Perhaps this is the point to backtrack a little. The Softlightes fable begins somewhere in the vastness of 2003, when a mutual admiration began between The Incredible Moses Leroy (Fountenberry and bassist Kristian Dunn’s old band) and singer/songwriter Cody Chesnutt. They joined Chesnutts’ sold out club tour, and were spotted by Modular Records’ Steve Pavlovic.

“Yeah, I do really like recording, almost as much as playing live. Even more I think!”

After recruiting drummer Tim Fogarty and pianist Andre Val Baal in 2005, their current form found its final shape. Building upon their mélange of influences, ranging from Duran Duran to New Edition, their debut album ‘Say No To Being Cool, Say Yes To Being Happy’ had reached its sonic realization. This insurgency against style over substance culture is also massively echoed by their music. “When you focus too much on the look, it takes away the honesty of things. I don’t understand why people are so into one genre, most people I know are into all kinds of things so it makes sense that that’s what it’s like. I wanted to make an honest record.”

The simple melodic pleasures of ‘The Microwave Song’ evoke summer days of scampish innocence, before the existential quandaries of impending adolescence got in the way. Allied to the impenetrable ‘Girlkillsbear’, which gleams with fuzzy electronic ardour, it’s no surprise that they’ve built such a rabid following here.
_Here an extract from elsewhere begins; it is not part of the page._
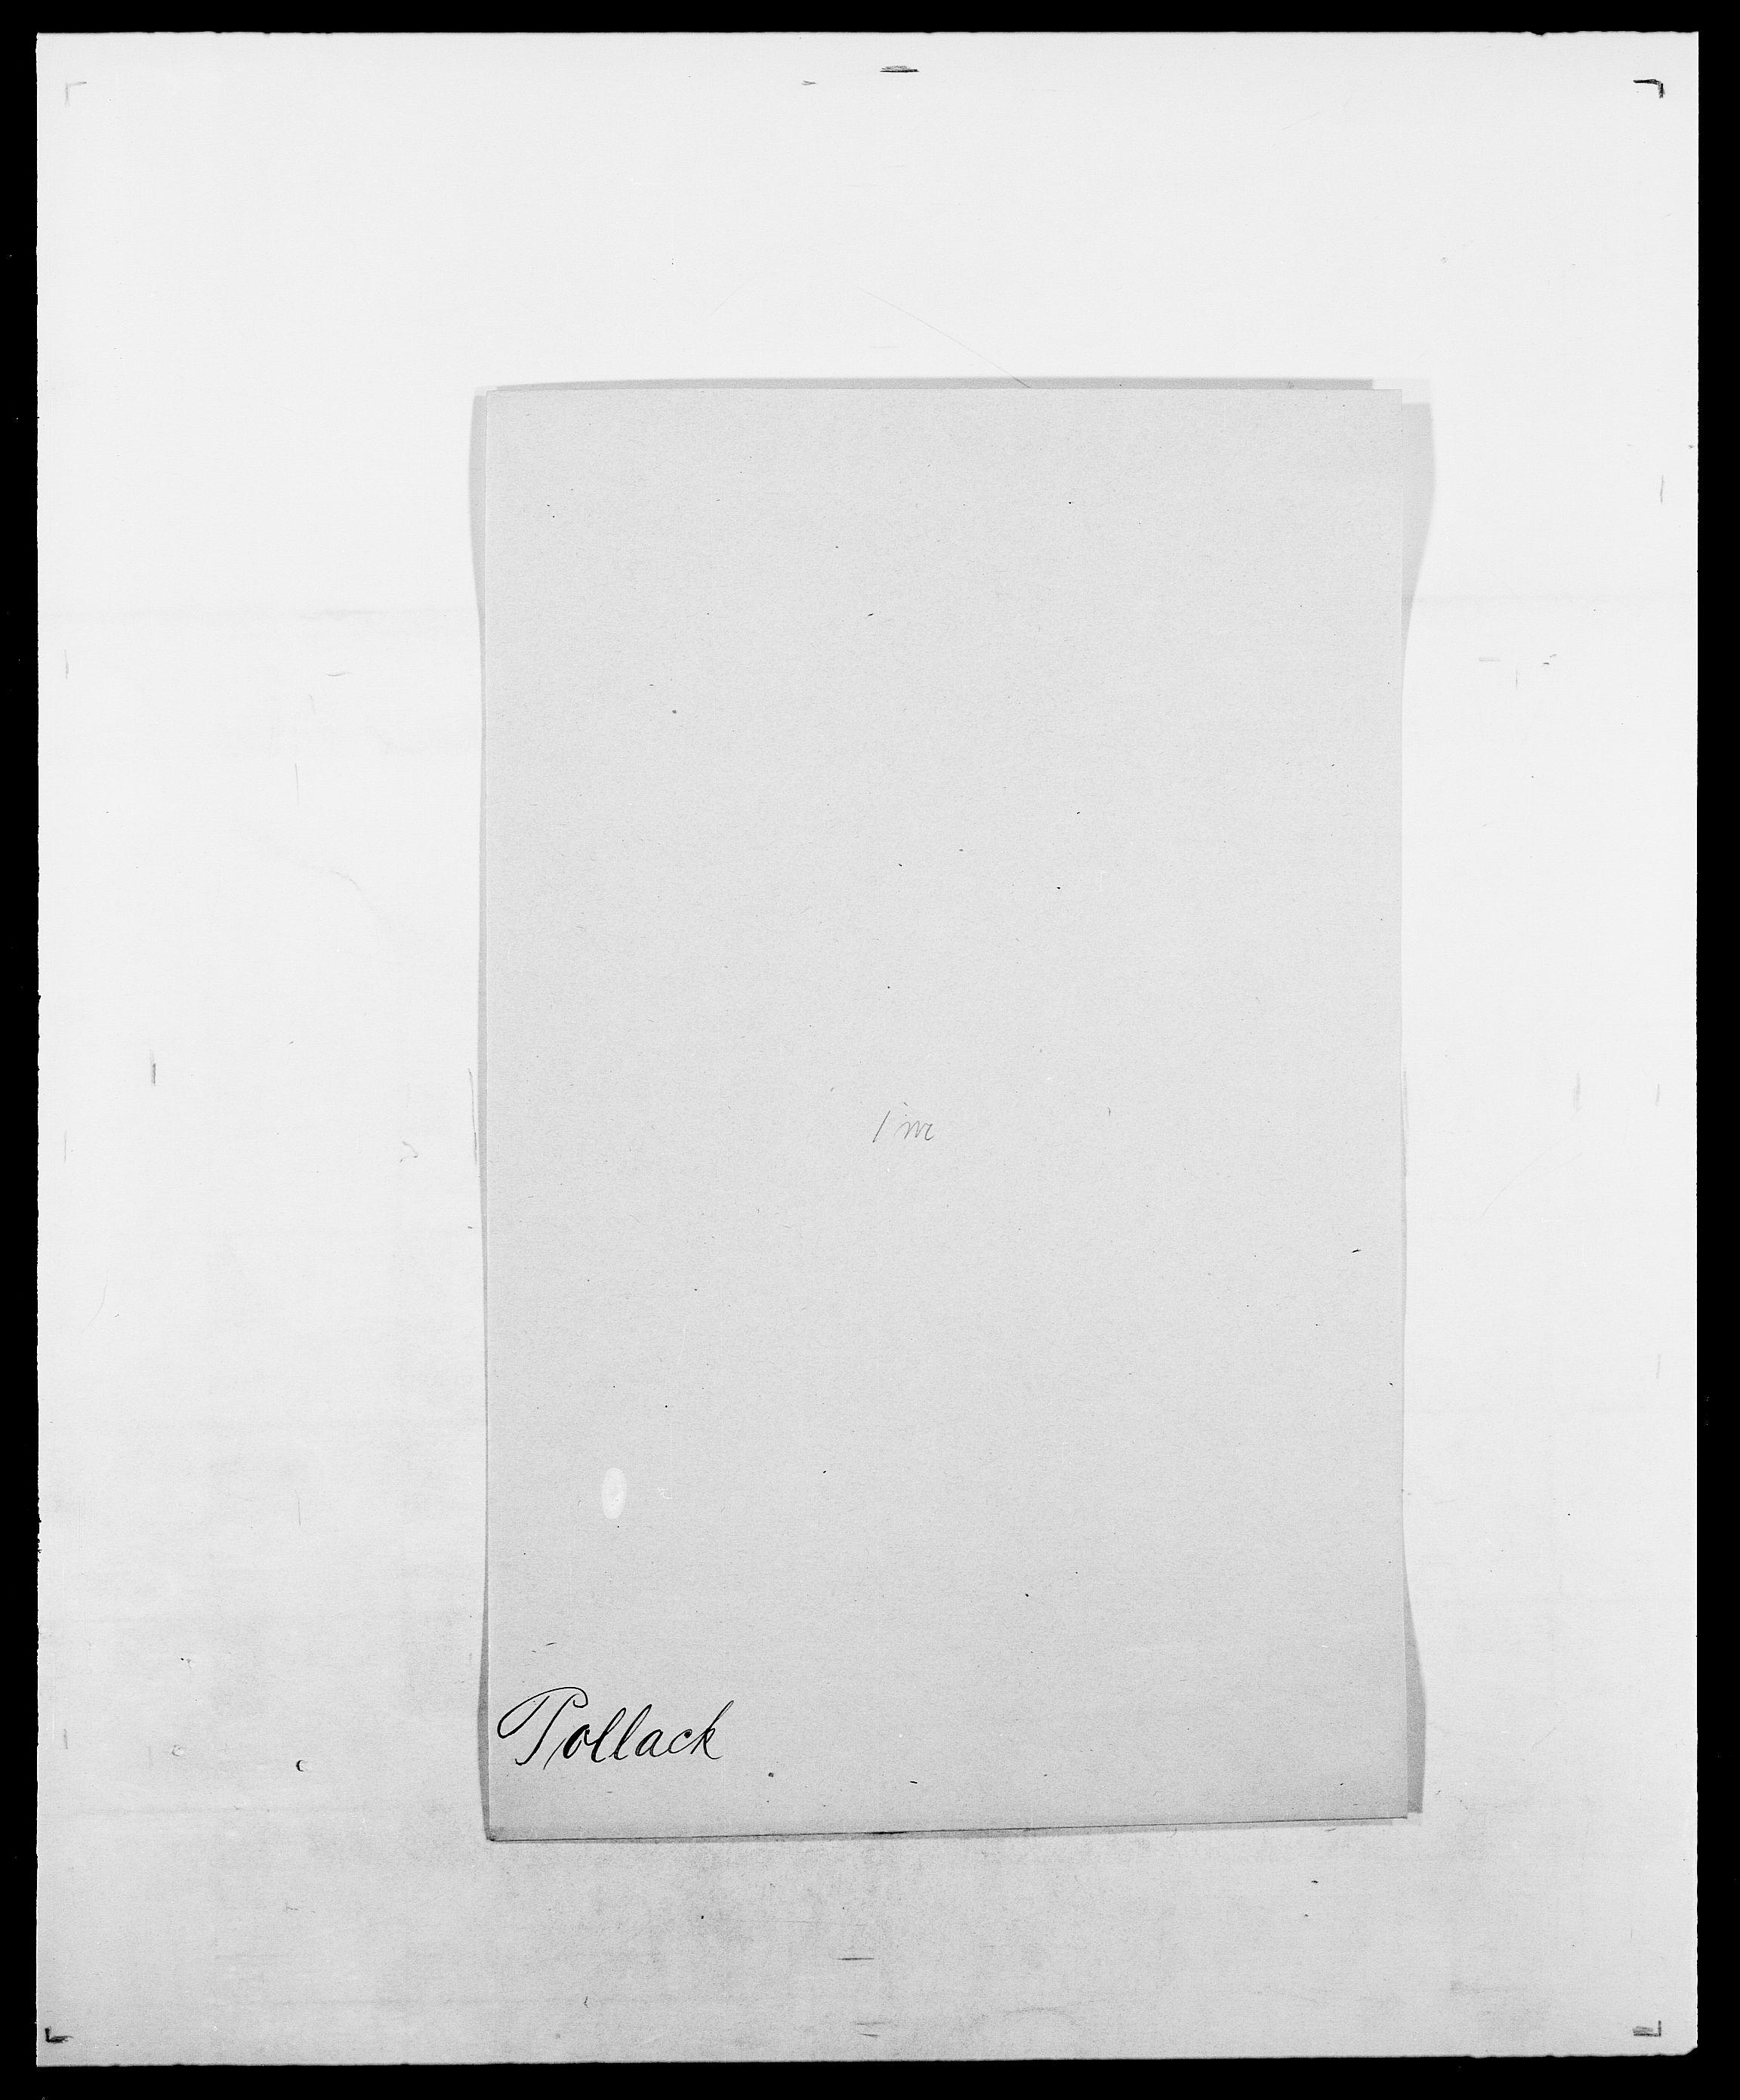 SAO, Delgobe, Charles Antoine - samling, D/Da/L0031: de Place - Raaum, s. 194
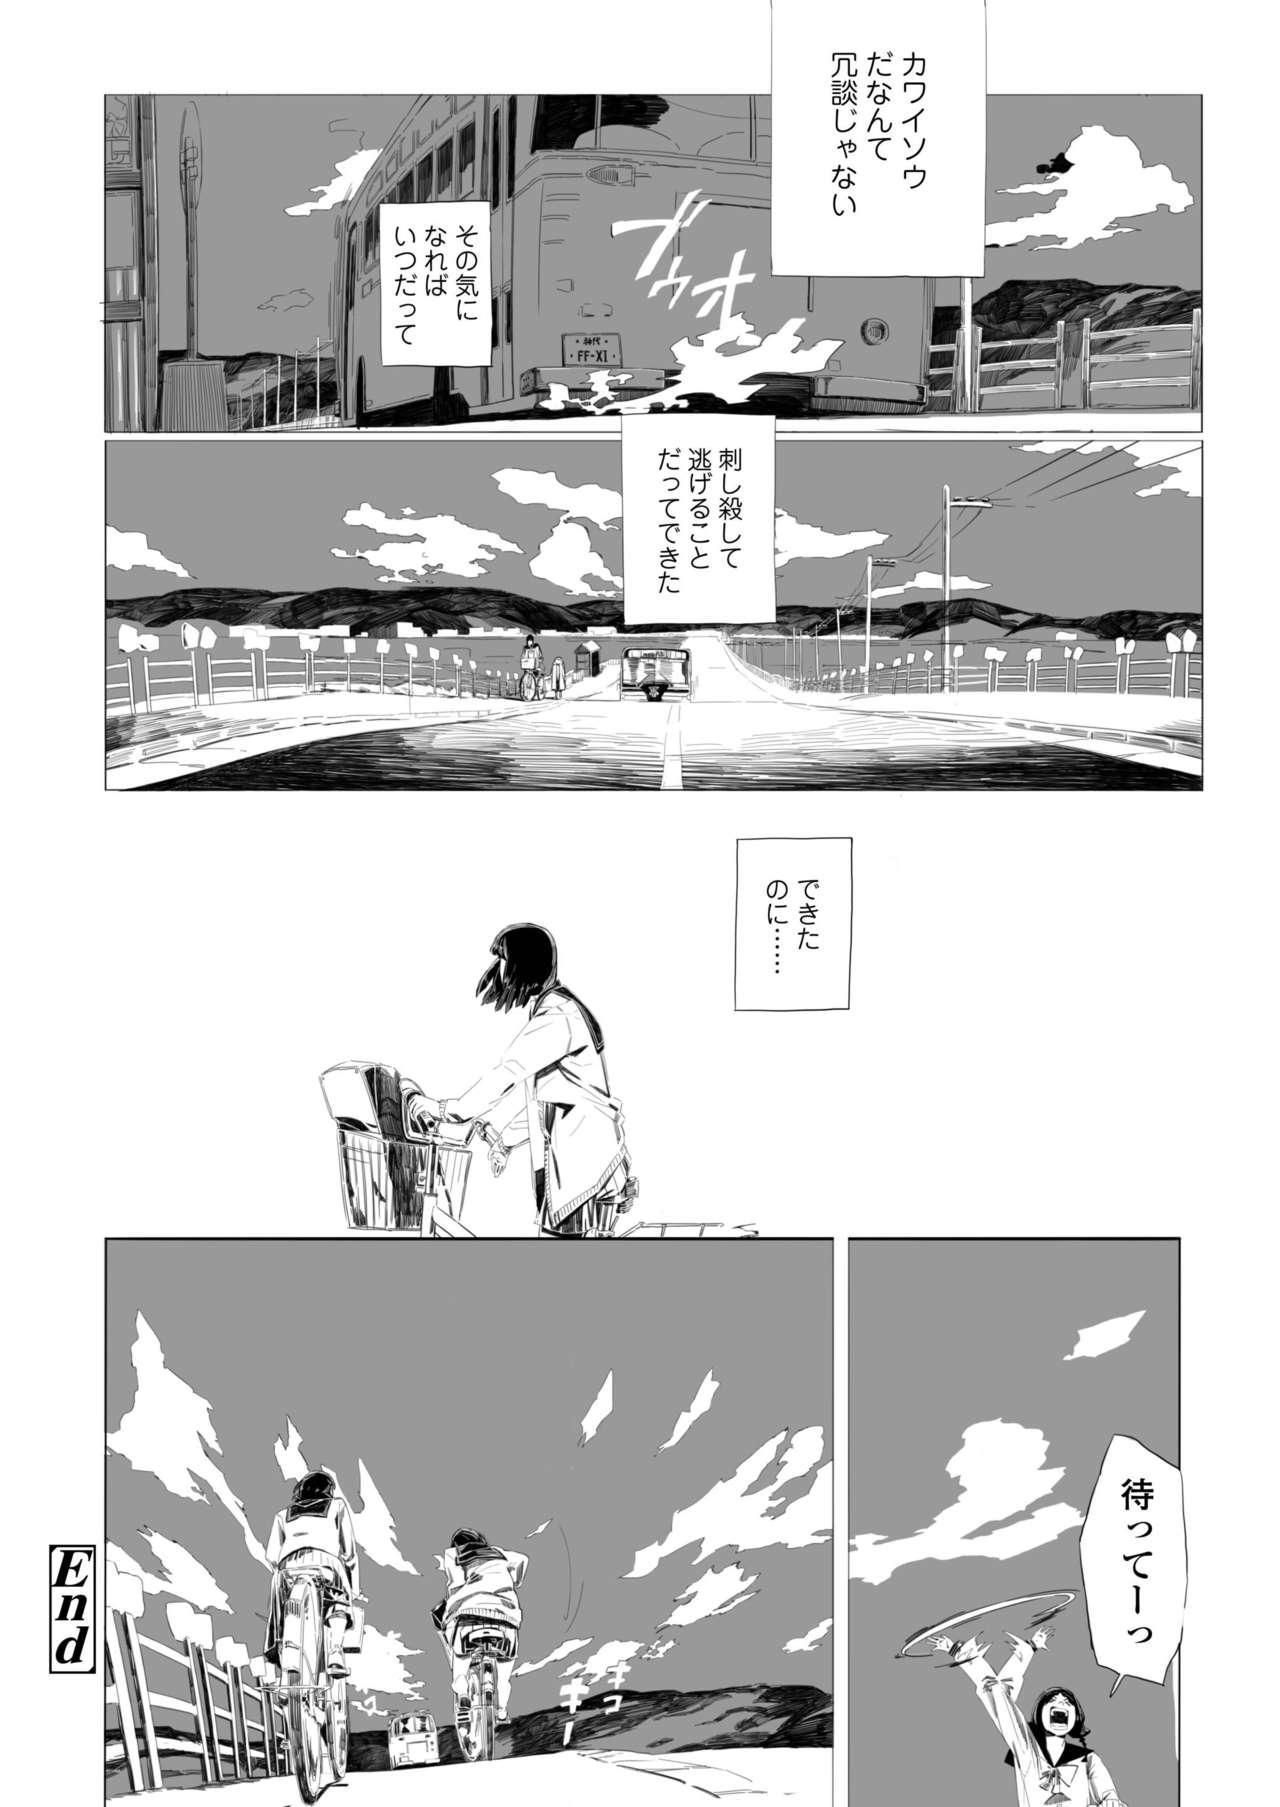 COMIC AOHA 2019 Haru 417

Their appreciation for all things British is confirmed when Fountenberry confesses his ardent love for the Super Furry Animals.

As the conversation turns to the band’s Welsh language album ‘Mwng’, Fountenberry confesses: “I don’t know what they’re saying, but I have that record. It’s kinda funny because I always sing along, but I have no idea what they’re saying. He’s [Gruff Rhys] left handed too, so I’m hoping that one day we can bond over that.”

What they also have in common is an endearing elixir of melody and sincerity. And a sound that is unmistakably their own.